Voluntary disclosure of information is highly improbable under
the current strained state of relations between Russia and the
West. But even if this would happen, there is no way to verify the
accuracy of information: there are no verification procedures, and
those could be developed only as a result of lengthy negotiations
and would require a special formal agreement.
The absence of provisions on data exchange and verification in
the 1991 regime is not accidental: this is one of the reasons why
unilateral obligations were preferred to a formal treaty. The
disclosure of information and granting access to sensitive
facilities to inspectors usually gives rise to strong opposition.
In the case of the TNW regime the situation is exacerbated by the
fact that it covers warheads rather than delivery vehicles, so a
whole new set of procedures has to be designed and they are likely
to cover more sensitive information than ever before. In this
sense, the choice for unilateral measures was correct because it
helped to avoid what would have been very lengthy and difficult
negotiations. But today we see the other side of the coin.

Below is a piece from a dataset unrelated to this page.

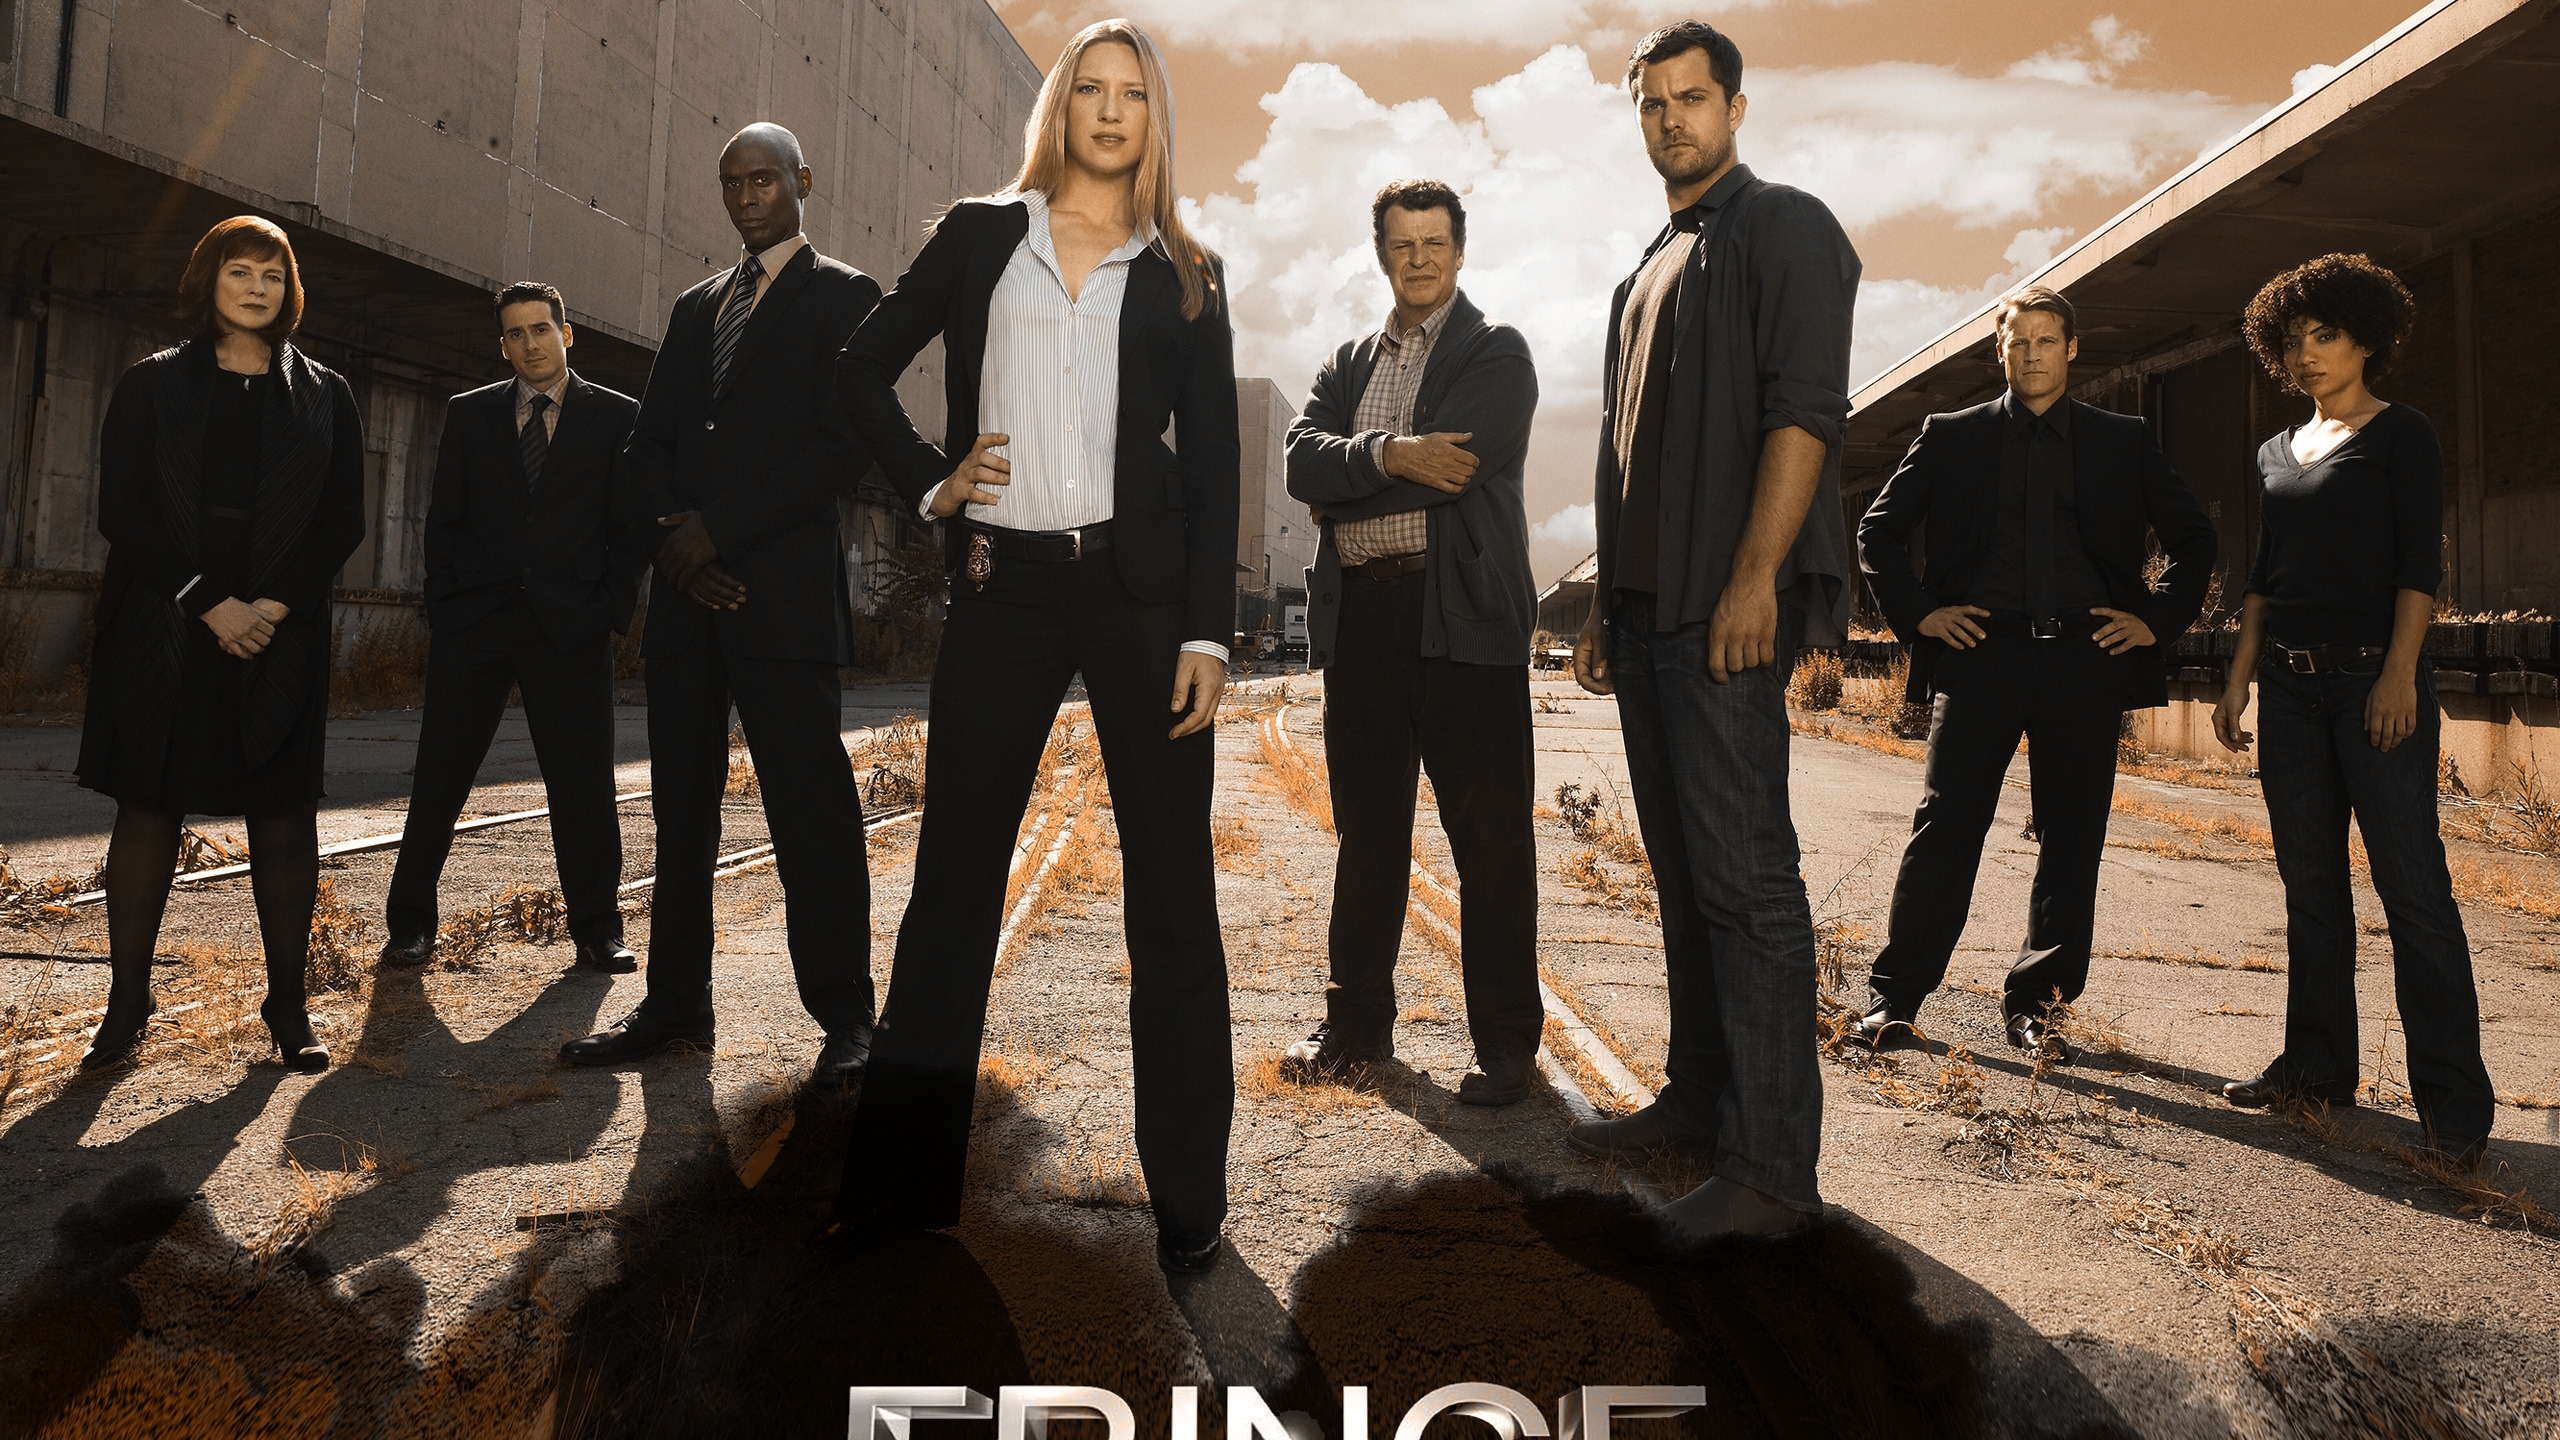 Fringe TV Series for 2560x1440 HDTV resolution
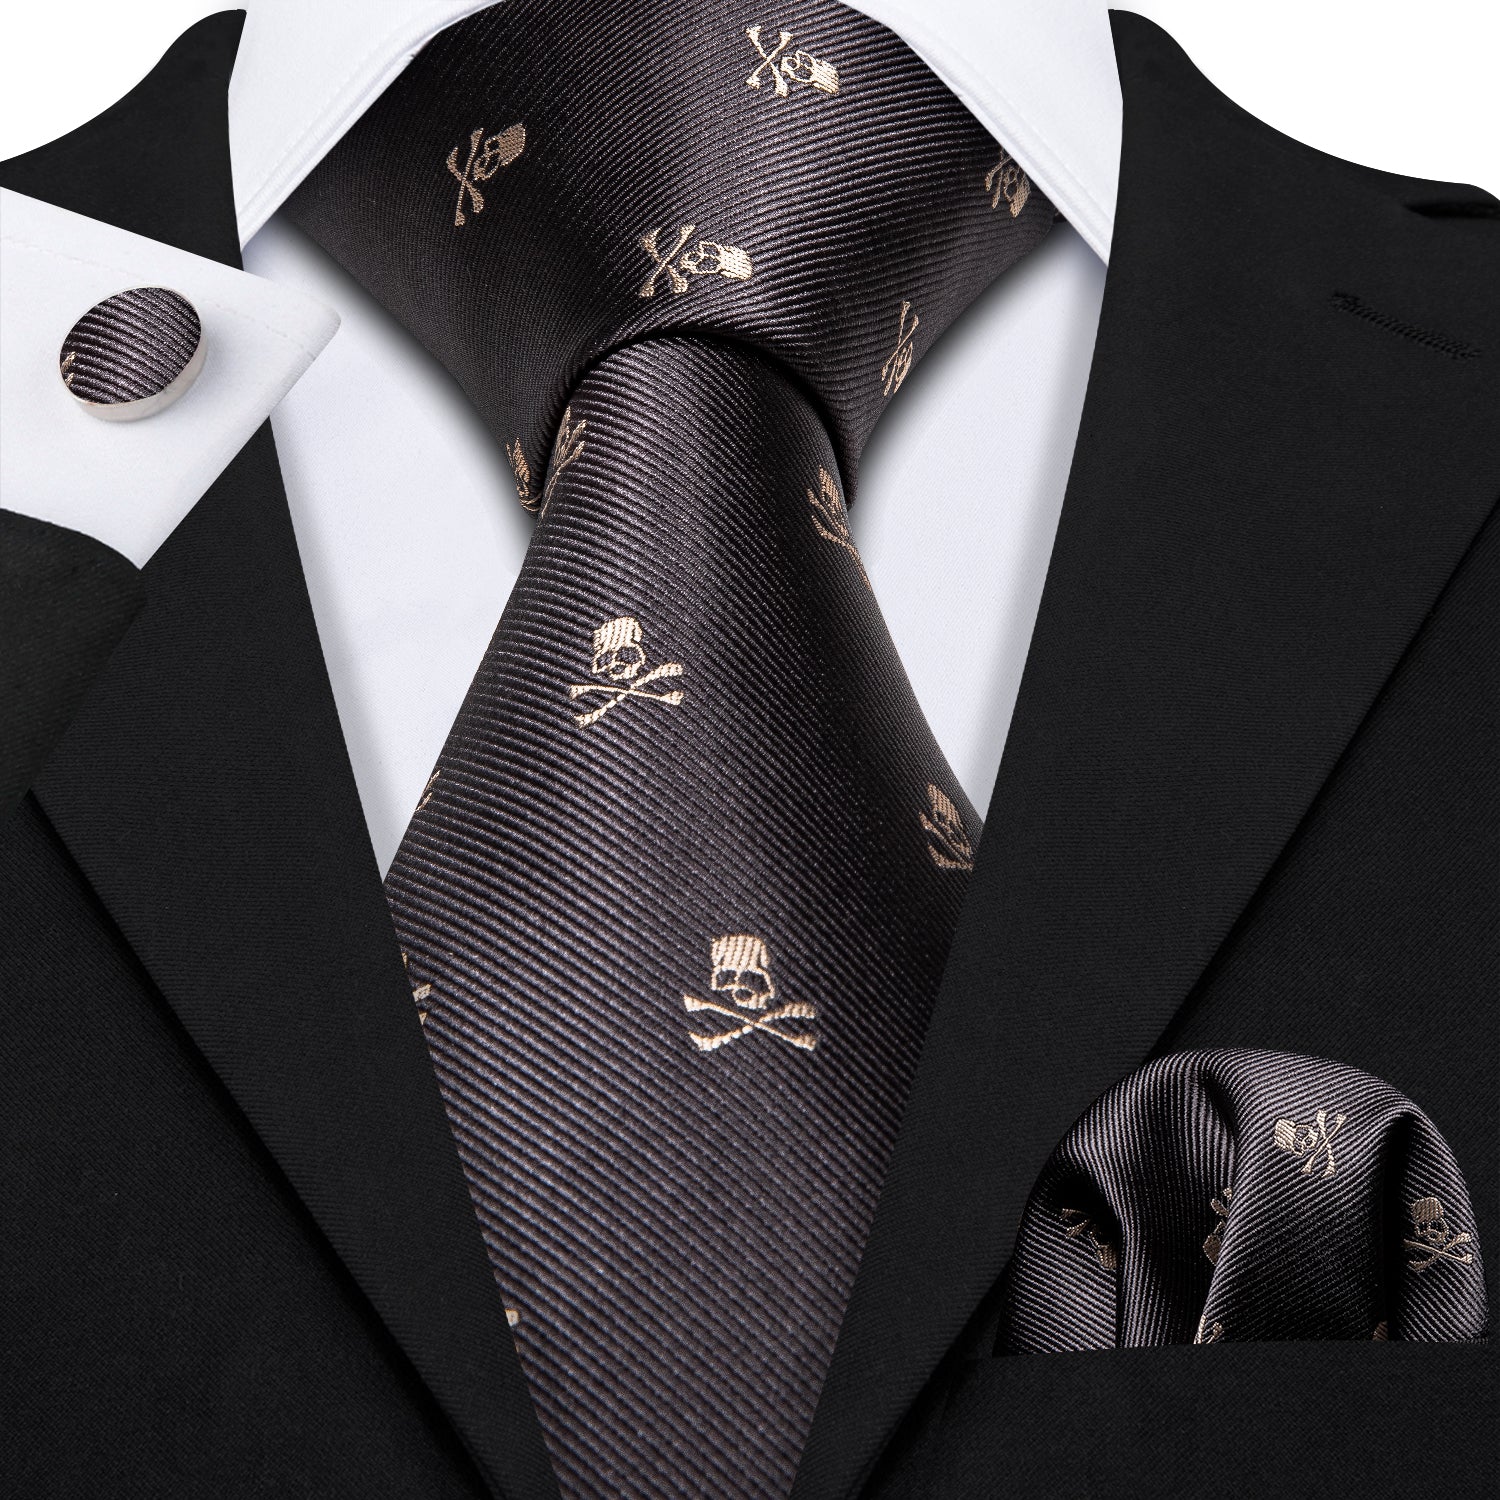 Ties2you Silk Tie Novelty Black Brown Skull Men's Tie Handkerchief Cufflinks Set

The first lesson of the 1991 regime, therefore, is that any
future reductions conducted outside the treaty framework need to
include data exchange and verification provisions. Some, arguably
rudimentary ones, could be established by the same unilateral
statements, but more intrusive and reliable procedures would
require negotiations, whether the result is codified in a treaty or
not.
Reversibility
Compared to the lack of information, of even greater
significance is the fact that the 1991 regime is reversible. Of
course, almost all treaties are theoretically reversible because
they usually contain an escape clause. The difference, of course,
is that termination of a treaty involves a complicated legal
procedure and a "waiting period" until the decision to terminate a
treaty goes into effect (e.g., six months for START I). In
contrast, unilateral obligations could be reversed by a decision of
the government or a legislature and termination does not involve
advance warning.
The enlargement of NATO gave Russia a strong motive to revise
the 1991 statement. The possibilities discussed in late 1996-early
1997 included redeployment of nuclear warheads on land-based
missiles and returning warheads to ships and submarines. Russia is
completing the development of a new land-based tactical missile to
replace the SS-23 Oka, which was eliminated under the
Intermediate Nuclear Forces (INF) Treaty; the new missile is
designated by NATO as SS-X-26. Moving warheads to ships and
submarines would be technically even easier. In addition, Russia
was considering a possibility of forward deployment of TNW in
Belarus. Some even proposed the development of new nuclear warheads
- smaller in size and with lower yields than the ones Russia
possessed prior to 1991.
These proposals were abandoned as the NATO-Russian dialogue,
which led to the signing of the Founding Act, intensified, but they
are not completely forgotten. The security situation remains
uncertain, as far as Russia is concerned. The CFE-2 treaty has not
been secured yet and will hardly address all Russian concerns,
especially those related to deployment of troops in the territories
of new members.
The possibility of deployment of NATO nuclear weapons to the
East cannot be ruled out either. NATO has adopted a statement about
the absence of intention to do so, but in Russia this is seen as a
weak, almost a non-existent guarantee: it is not even a unilateral
obligation and could be reversed even more easily than the 1991 TNW
regime. It is also known - and Russia is certain to pay close
attention to this - that the powerful chairman of the Senate
Foreign Relations Committee, Jesse Helms, insists that in the
process of enlargement NATO does not adopt any limitations on
movement of either troops or nuclear weapons.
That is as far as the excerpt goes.